Have classification standards for drone targeting changed under subsequent administrations?
Executive summary
Policy and operational standards for drones in the U.S. have shifted sharply since 2021: federal action in 2024–25 accelerated security-driven procurement limits on foreign-made systems and pushed rapid BVLOS (beyond visual line of sight) rulemaking and Remote ID enforcement [1] [2]. Agencies and industry are now balancing tighter national‑security vetting and supply‑chain rules against FAA efforts to open routine BVLOS and certify airworthiness through new parts and processes [3] [2] [4].
1. A security-first turn: procurement and covered‑list rules
Starting in the FY25 NDAA and reinforced by White House guidance, federal policy prioritized cybersecurity and supply‑chain risk, creating a path to bar Chinese‑made systems from federal use unless cleared by national security reviews [1] [3]. Reporting and industry summaries show the FY25 NDAA will automatically add platforms like DJI to the FCC’s Covered List absent a completed agency risk assessment by a December 2025 deadline, which would block new models from federal procurement and restrict updates — a fundamentally different emphasis than earlier administrations that focused more on safety and integration than supply‑chain exclusion [1] [5].
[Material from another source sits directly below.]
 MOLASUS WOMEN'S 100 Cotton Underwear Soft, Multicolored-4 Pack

2. FAA: from bespoke waivers to routinized BVLOS pathways
Regulatory direction for operations has moved in the opposite direction: the FAA and Transportation Secretary rolled out proposals to make BVLOS routine by creating Parts (e.g., proposed Parts 108/146 and CONOPS changes) and streamlining airworthiness acceptance that rely on performance and consensus standards rather than piecemeal waivers [2] [4] [6]. FAA documents and industry commentary describe a shift toward standardized certification and traffic‑management frameworks so BVLOS missions can scale safely [2] [4].
3. Remote ID and operational enforcement: normalization of identification requirements
By 2025, Remote ID moved from proposed practice to enforced expectation: multiple guides and FAA summaries note that drones requiring registration must broadcast Remote ID and that the FAA refined Part 107 waiver processes to demand demonstrable safety mitigations for flights outside standard limits [7] [8]. This marks a continuation of earlier safety priorities but with firmer technological enforcement tools to support both security and airspace management [7] [8].
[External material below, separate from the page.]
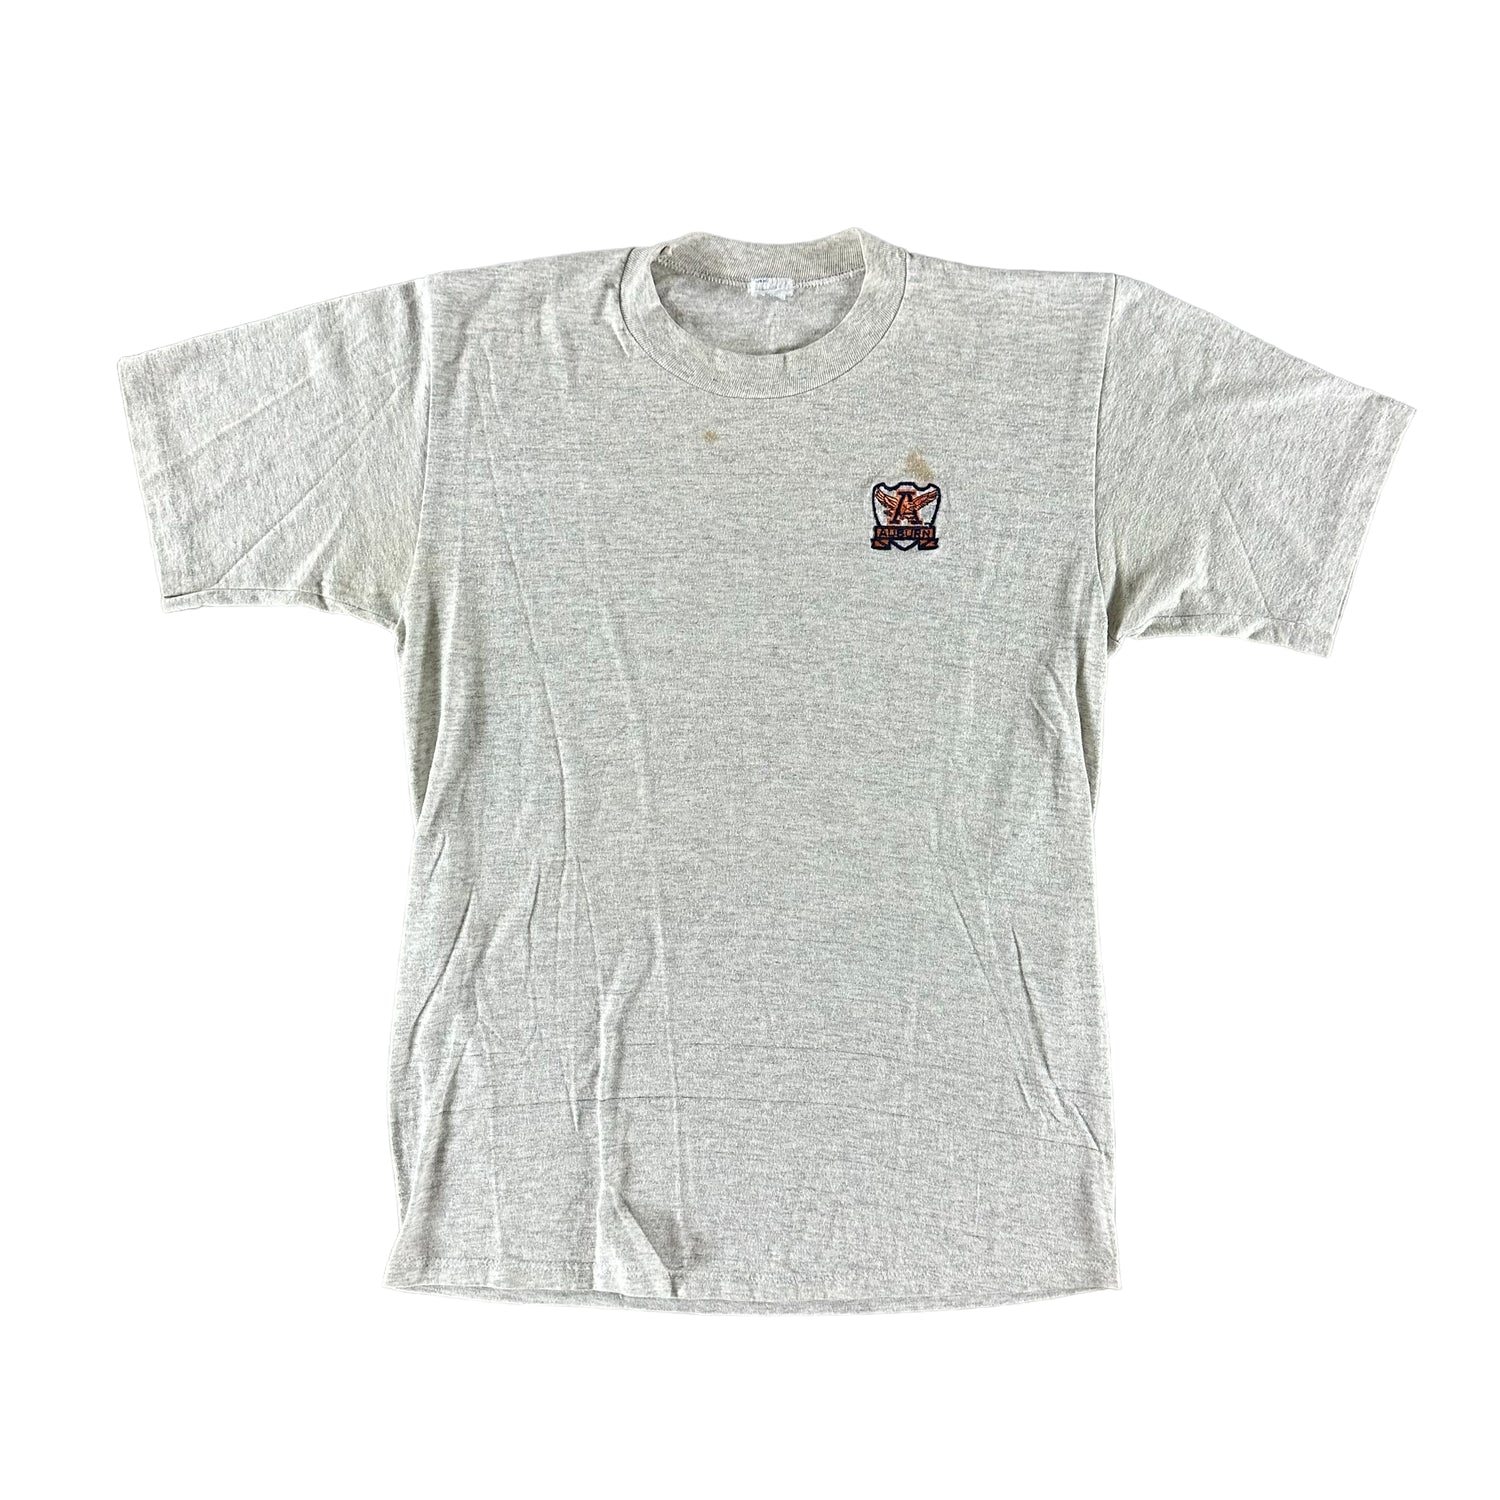 Vintage 1990s Auburn University T-shirt size Large

4. Industry and operators face conflicting signals — security vs. access
The policy mix creates tension for operators: federal procurement and grant rules increasingly exclude certain foreign platforms for national‑security reasons while FAA rulemaking seeks to expand operational capability (BVLOS, UTM) that could benefit the same operators — provided their hardware and software meet airworthiness and security expectations [3] [6] [4]. Trade‑restriction timers in the NDAA and potential FCC authority to retroactively restrict devices mean manufacturers and buyers face uncertainty about platform availability and future updates [5] [9].
5. Different administrations, different emphases — who changed what?
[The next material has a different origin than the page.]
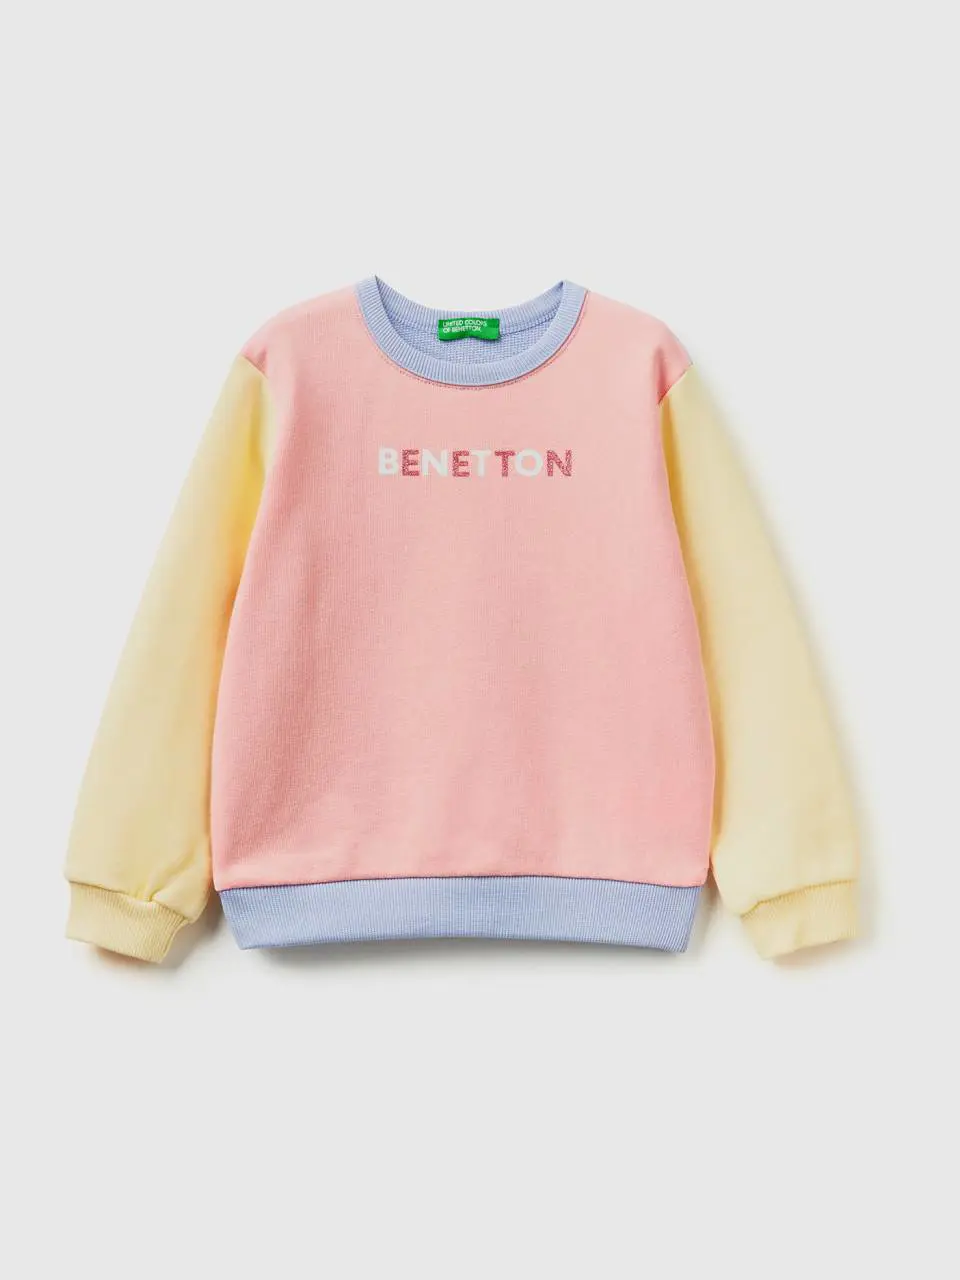 Benetton color block sweatshirt in organic cotton with glittery print. 1

Available sources attribute some policy moves to specific administrations and actors: a White House executive order and OMB/agency procurement guidance intensified cybersecurity and sourcing standards [3], while an FAA agenda under new leadership pushed BVLOS rulemaking and airworthiness pathways to “unleash” commercial possibilities [6] [2]. Sources present these as concurrent but distinct priorities rather than a single coherent doctrine, reflecting competing agendas — national security and industrial policy on one side, aviation‑safety and commercialization on the other [3] [6].
6. International and market ripple effects: supply chains and standards wars
Observers and industry analysts expect U.S. security measures to ripple globally: the Countering CCP Drones debate and NDAA‑driven controls will pressure supply chains and push markets toward domestic or allied suppliers, while international standards (ICAO, EASA U‑space) and NPRMs for BVLOS aim to harmonize operational norms — creating simultaneous market segmentation and technical convergence [10] [4].
7. Limits of the reporting and open questions
Available sources document rulemaking proposals, statutory deadlines and procurement guidance but do not provide final, universal policy outcomes across every agency or a definitive post‑2025 status for specific companies absent the December 2025 reviews [5] [9]. Sources do not detail internal targeting criteria for lethal military drone strikes or whether classification standards for kinetic targeting changed under subsequent administrations; those topics are not found in current reporting (not found in current reporting).
Bottom line
Standards governing what drones can do in U.S. airspace have shifted toward enabling large‑scale BVLOS operations through new FAA parts and processes, while national‑security policy has tightened what hardware federal agencies may buy or fund — creating a bifurcated regime where operational liberalization coexists with procurement restriction [2] [6] [3] [1].